(RECORDED INFORMATION begins)

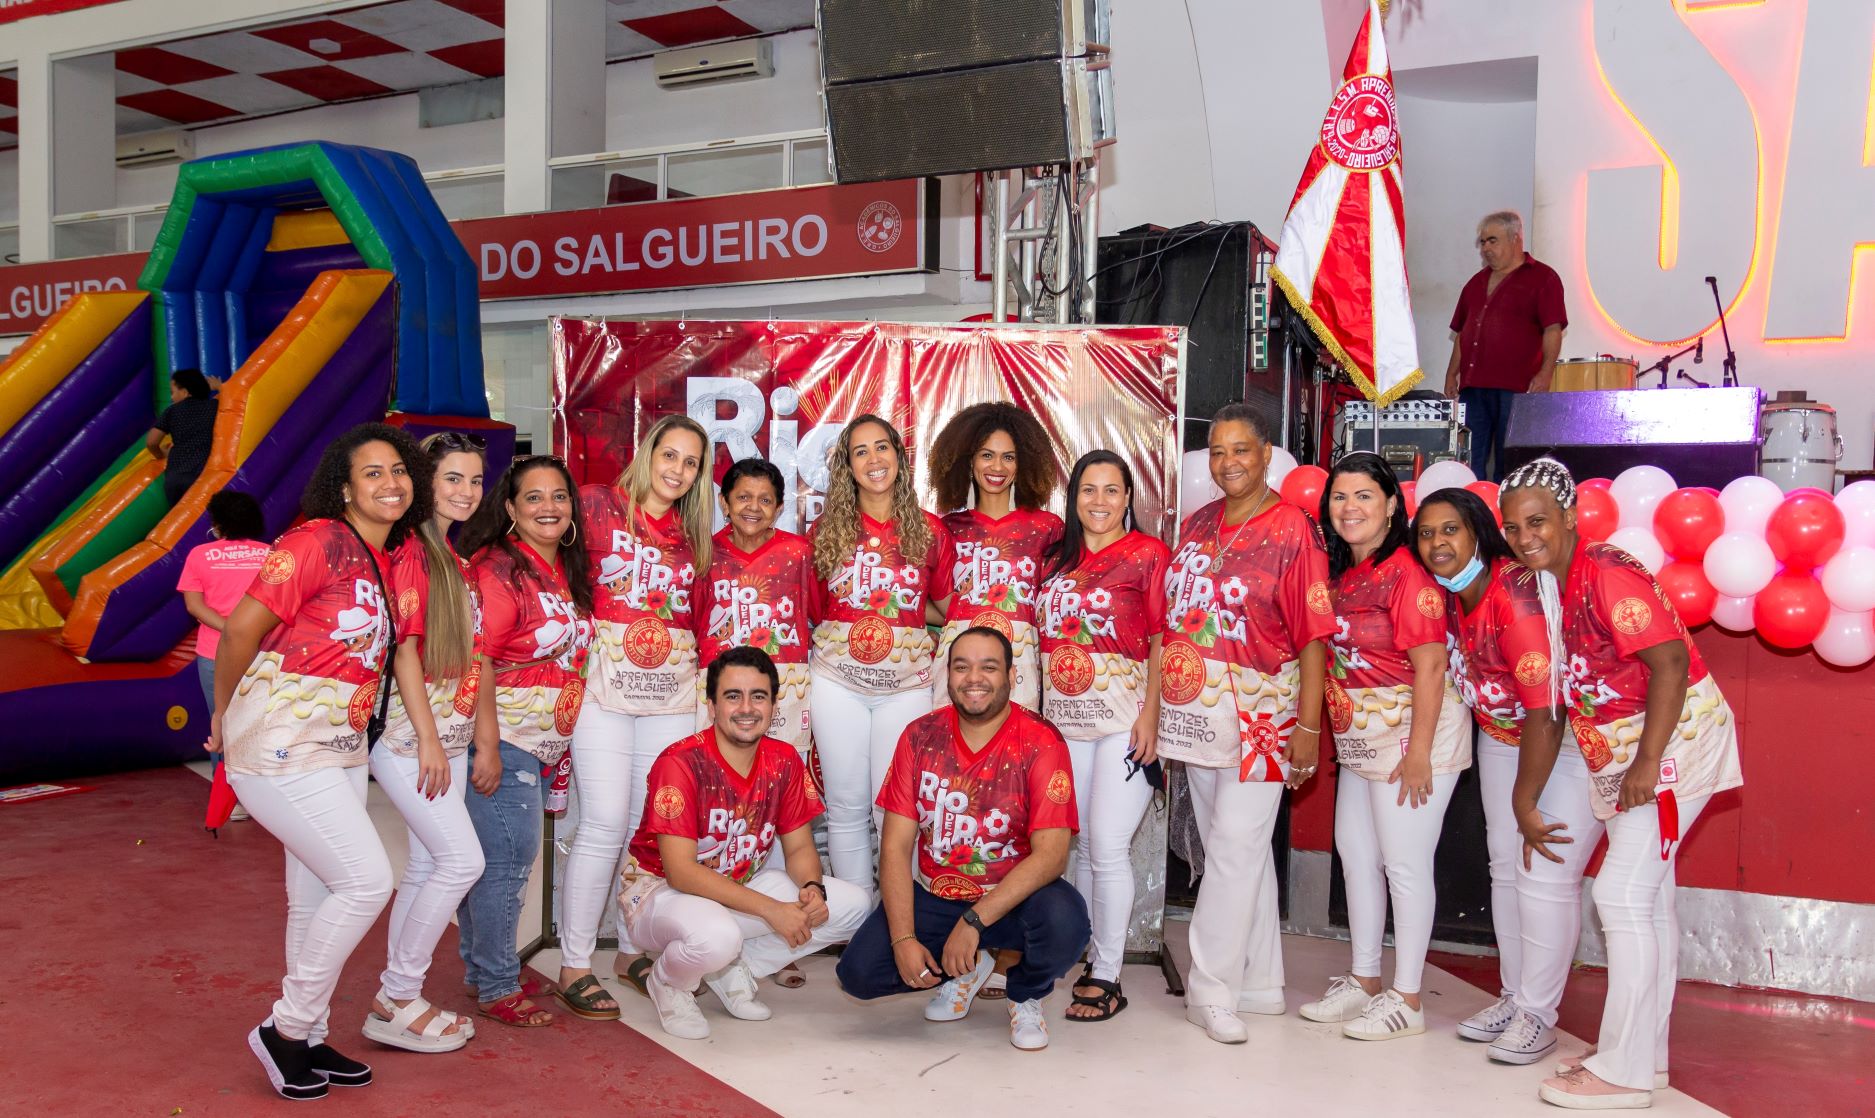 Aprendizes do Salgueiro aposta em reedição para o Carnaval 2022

(RECORDED INFORMATION ends)
(RECORDED INFORMATION begins)

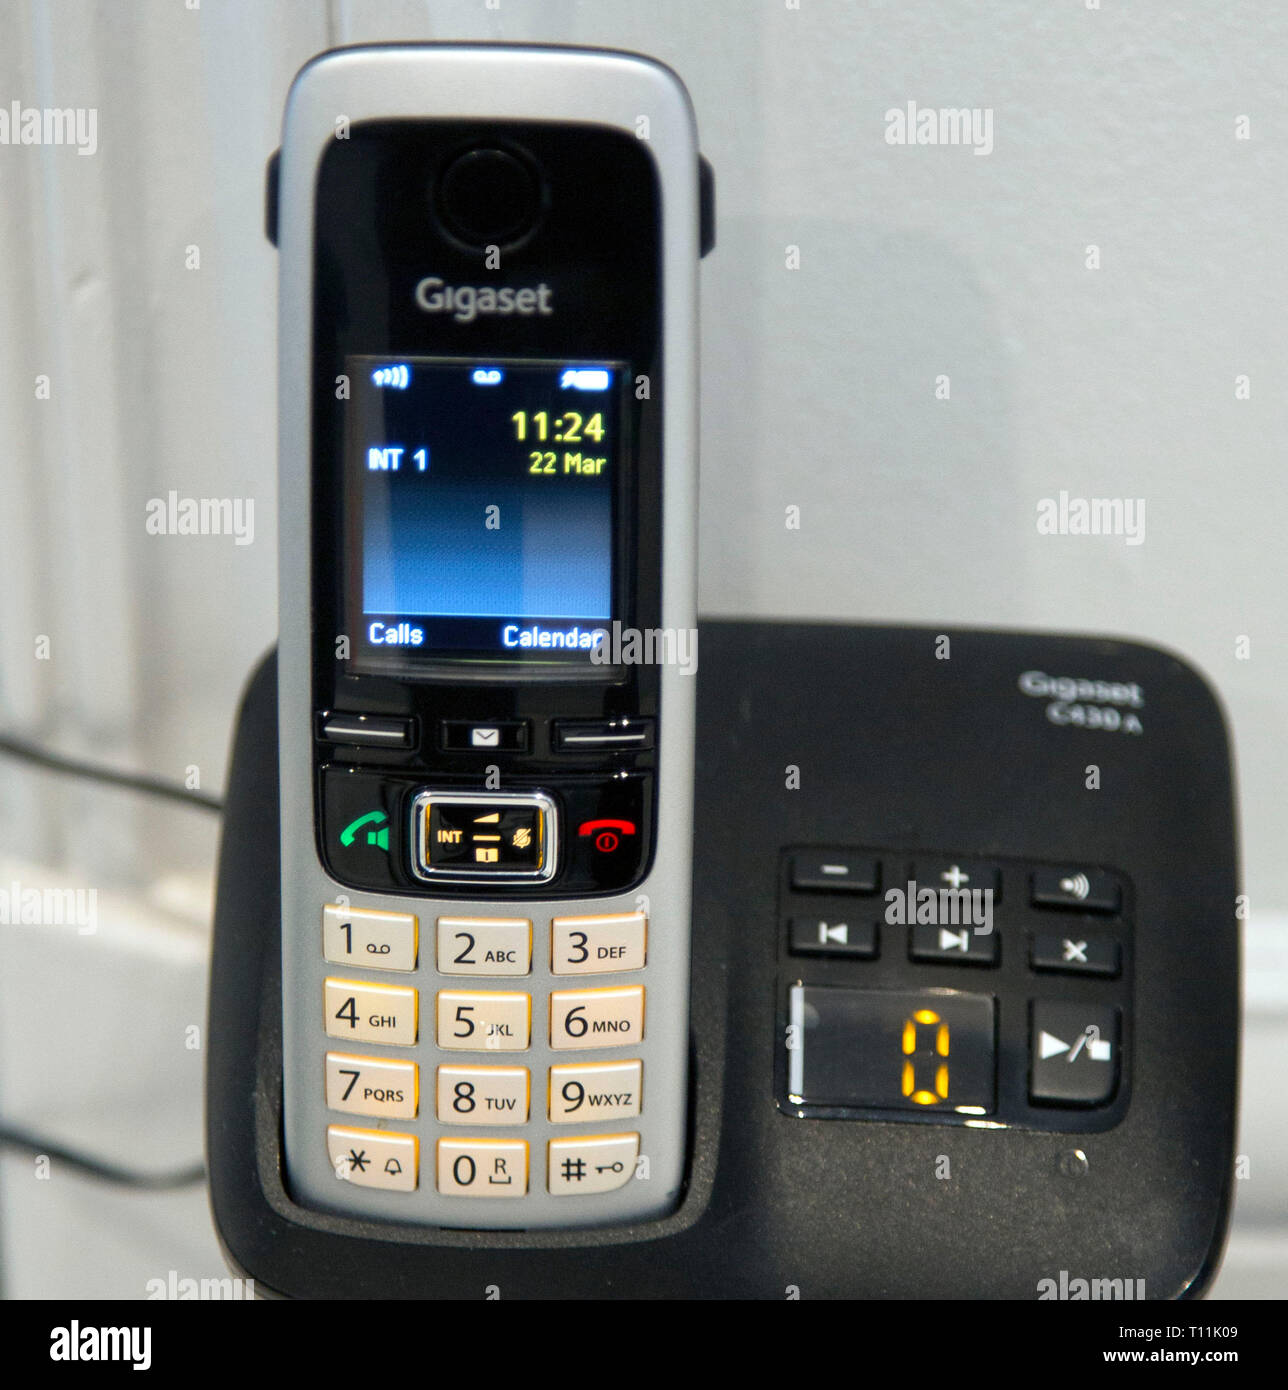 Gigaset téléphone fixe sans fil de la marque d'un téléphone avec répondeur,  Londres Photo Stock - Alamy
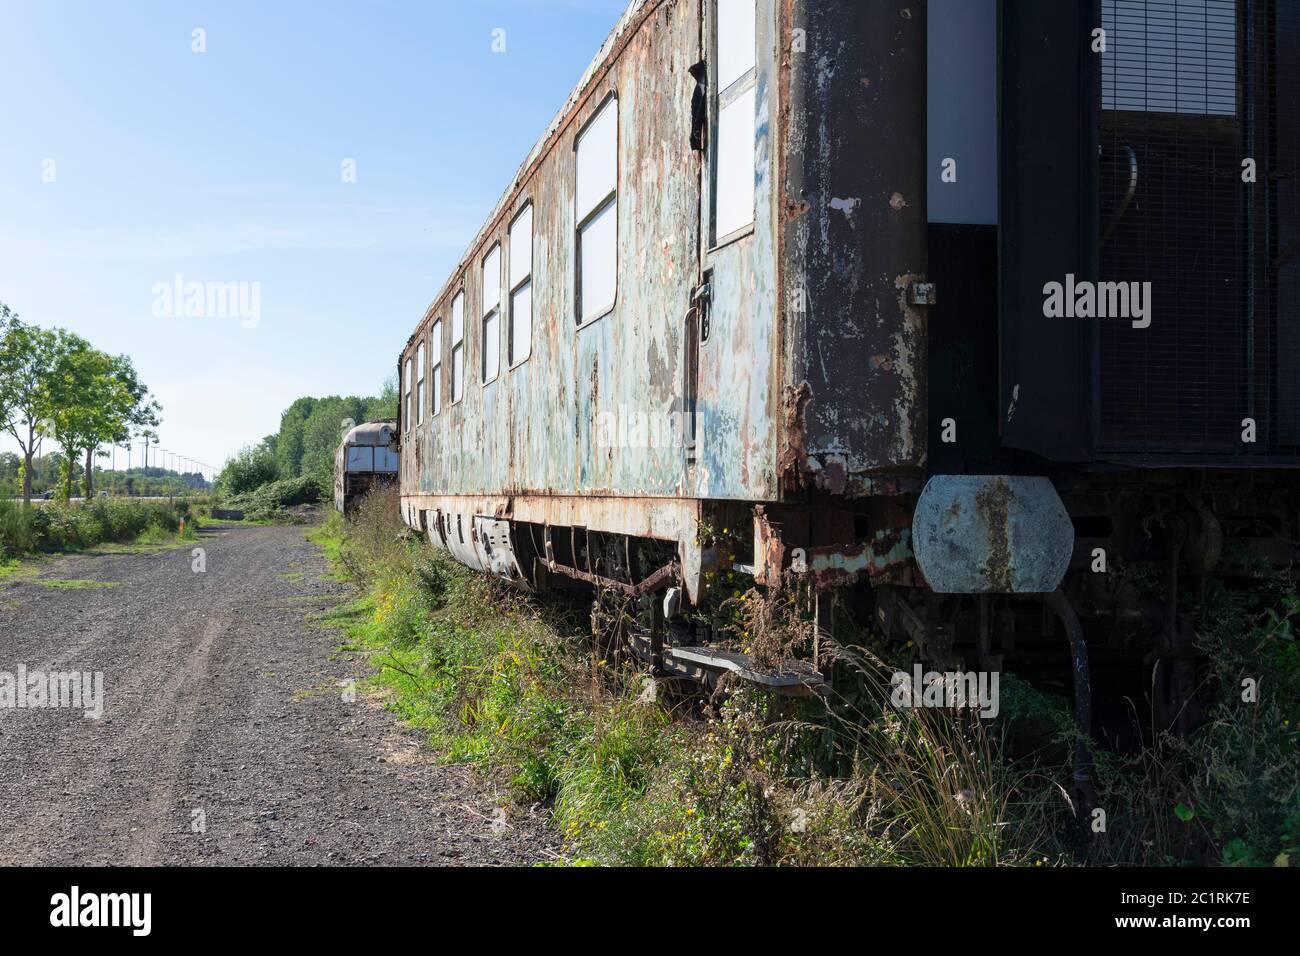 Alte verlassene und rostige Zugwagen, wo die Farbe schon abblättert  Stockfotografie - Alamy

(RECORDED INFORMATION ends)

* TRY IT:
Skipping every picture, transcribe exactly the lines above from the one containing "Gigaset téléphone fixe" through the one containing "Alte verlassene und", both included.

* RESULT OF THIS TASK:
 Gigaset téléphone fixe sans fil de la marque d'un téléphone avec répondeur,  Londres Photo Stock - Alamy
 Alte verlassene und rostige Zugwagen, wo die Farbe schon abblättert  Stockfotografie - Alamy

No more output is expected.